[Opening DATA EXTRACT section]

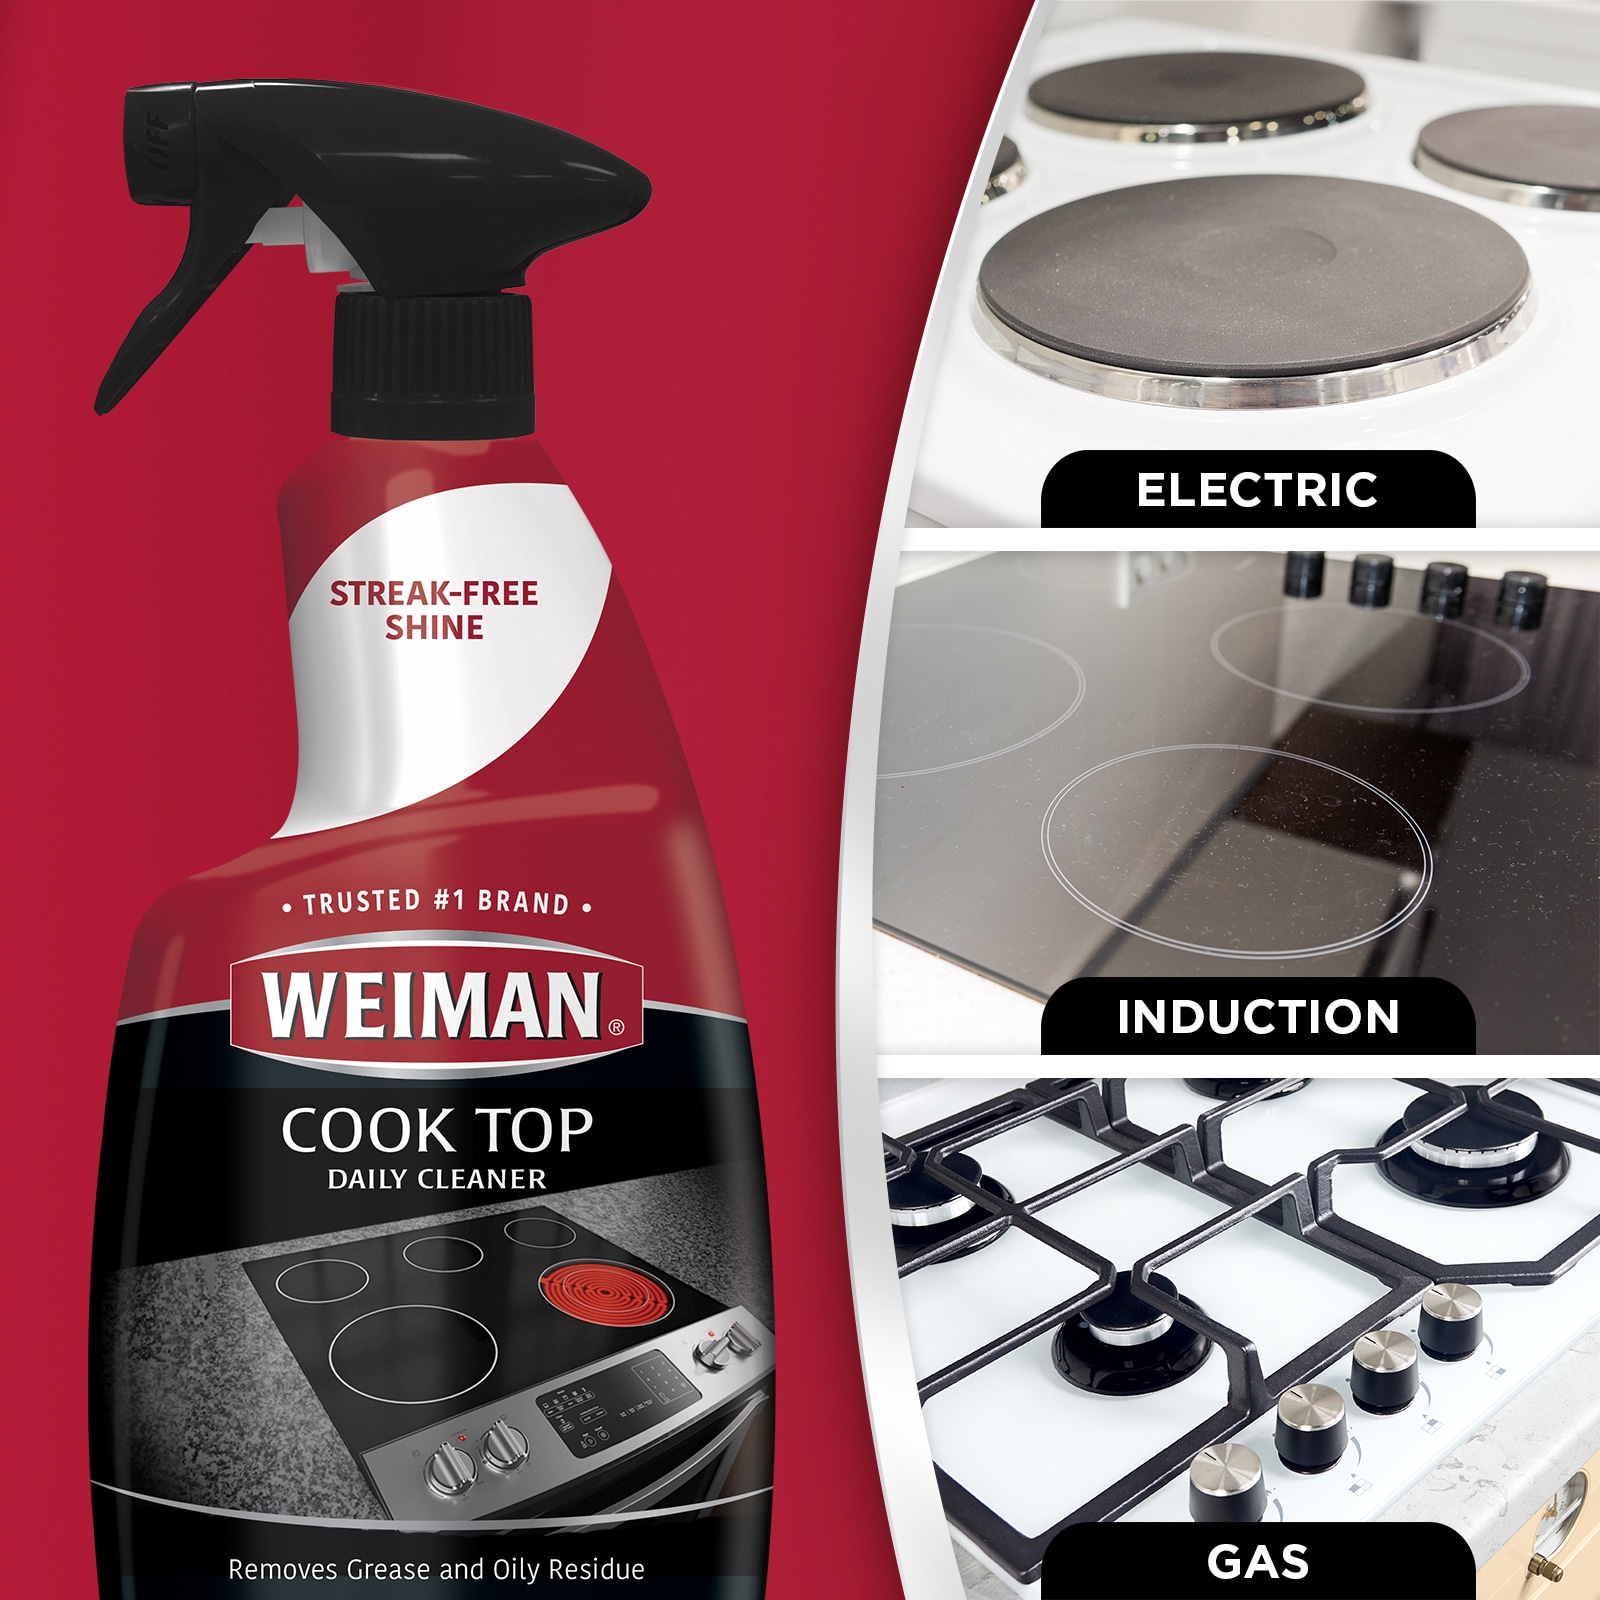 WEIMAN PRODUCTS CLEANER HAND HEAVY DUTY 18OZ
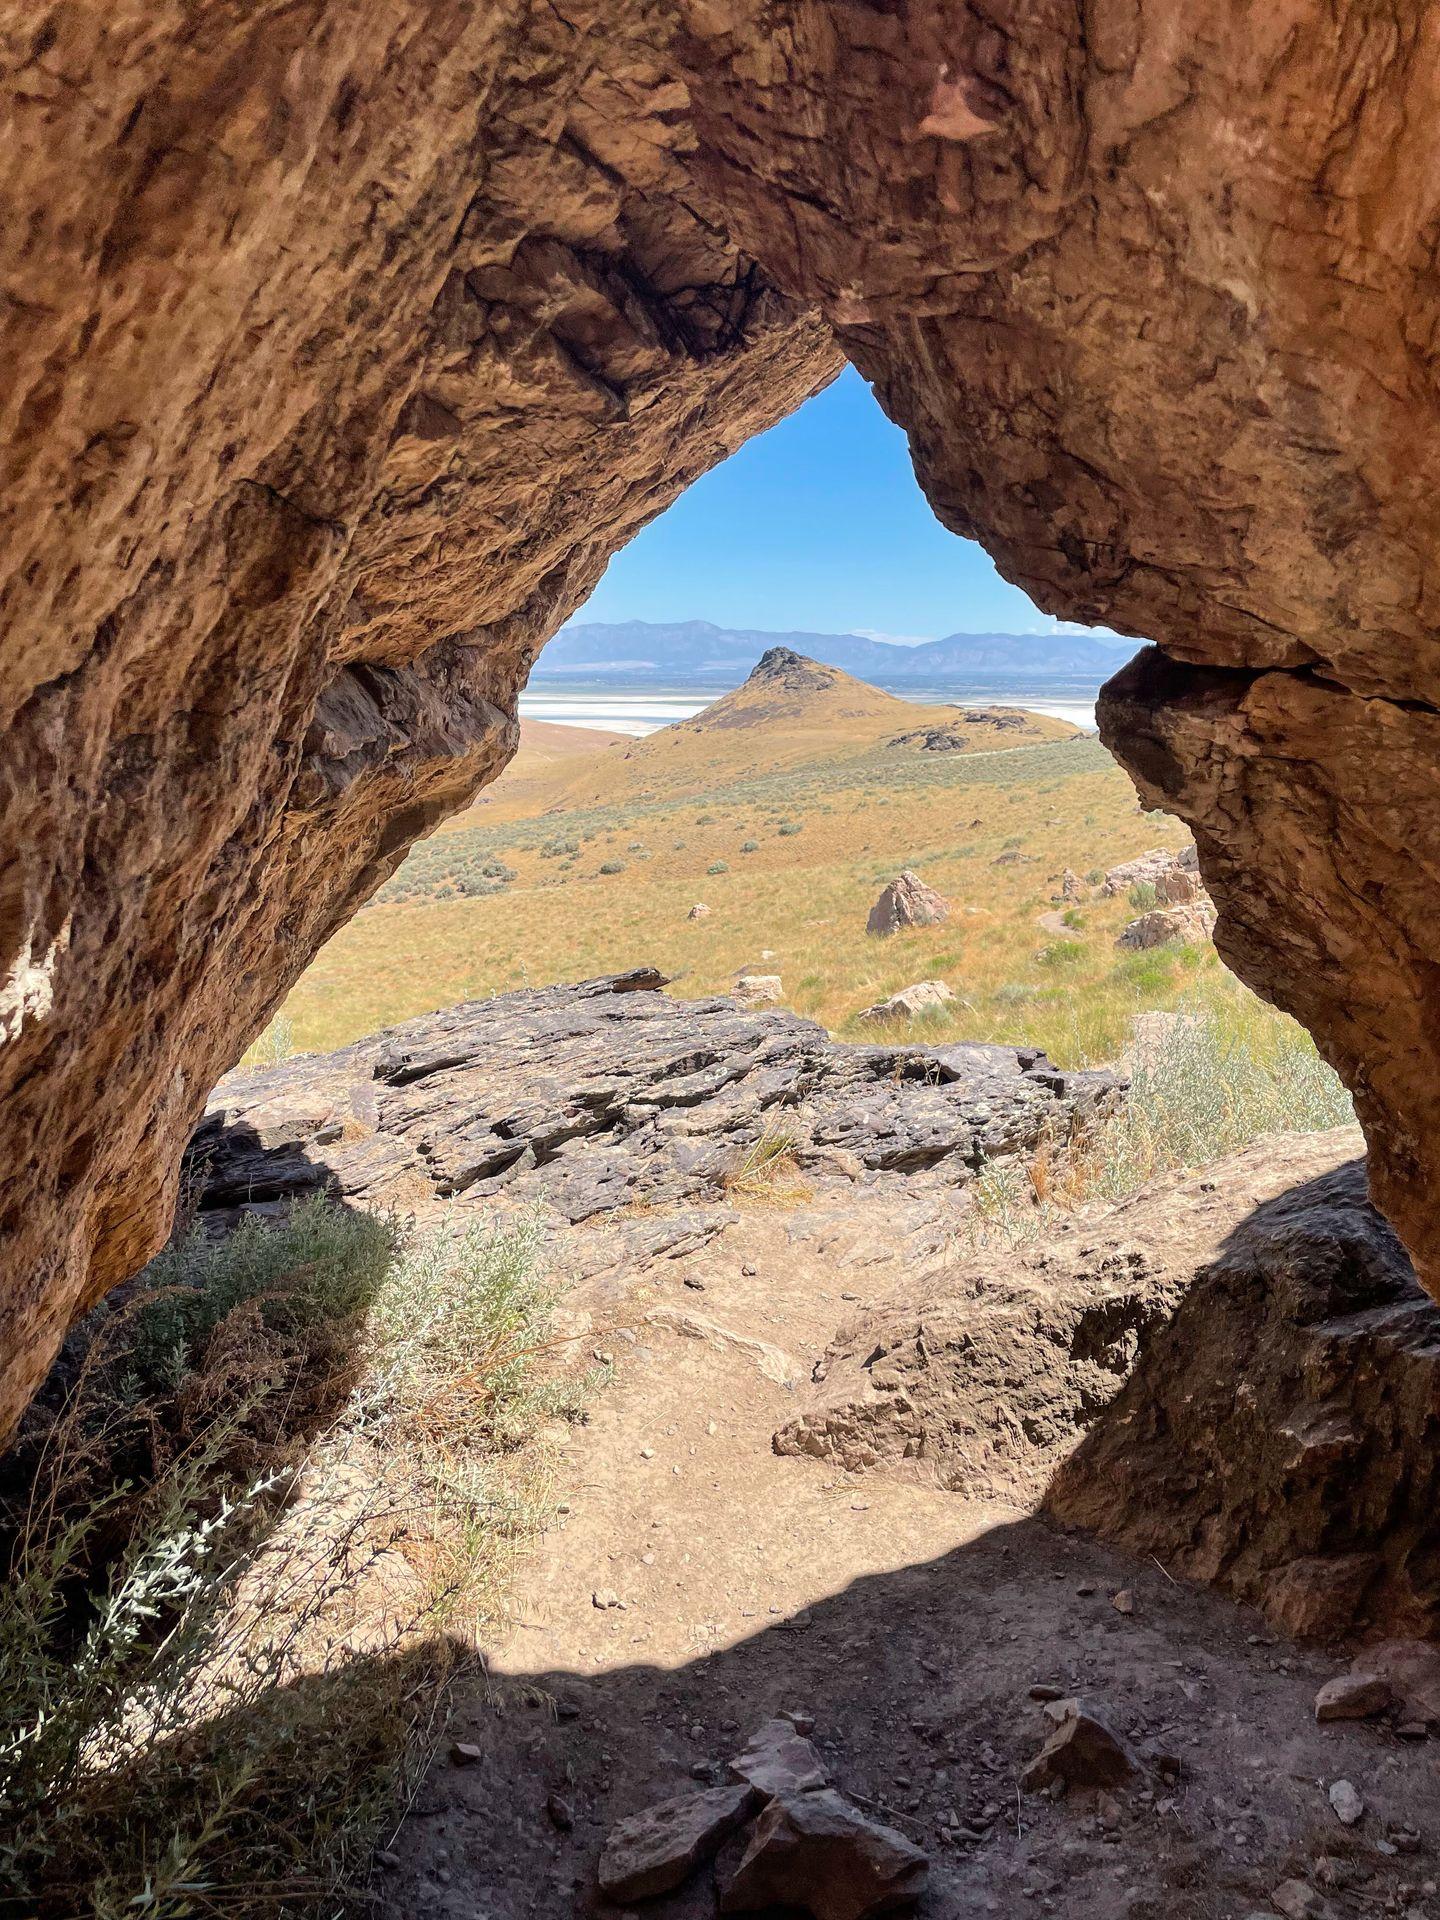 Looking through a rock tunnel on the Frary Peak hiking trail.
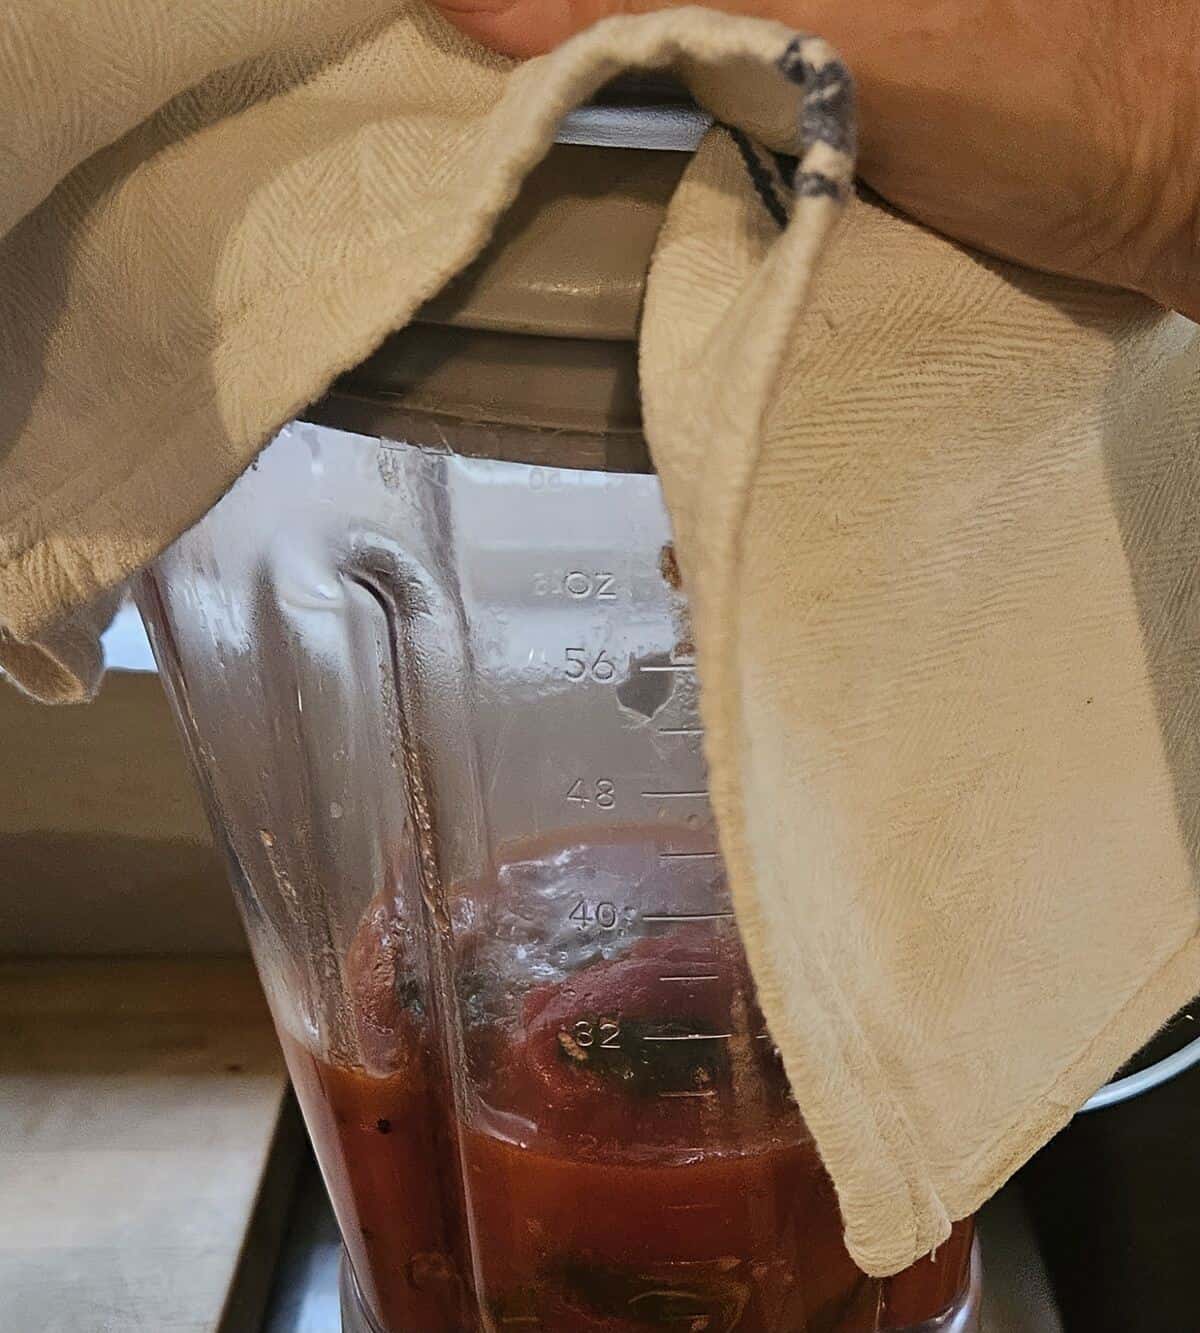 blender loaded with unprocessed tomato soup, a hand covering the lid with a dry towel.

[Closing DATA EXTRACT section]

**TASK OBJECTIVE**
Copy out all the data above exactly, minus the images.

**RESPONSE BOX**
 WEIMAN PRODUCTS CLEANER HAND HEAVY DUTY 18OZ
 Looking through a rock tunnel on the Frary Peak hiking trail.
 blender loaded with unprocessed tomato soup, a hand covering the lid with a dry towel.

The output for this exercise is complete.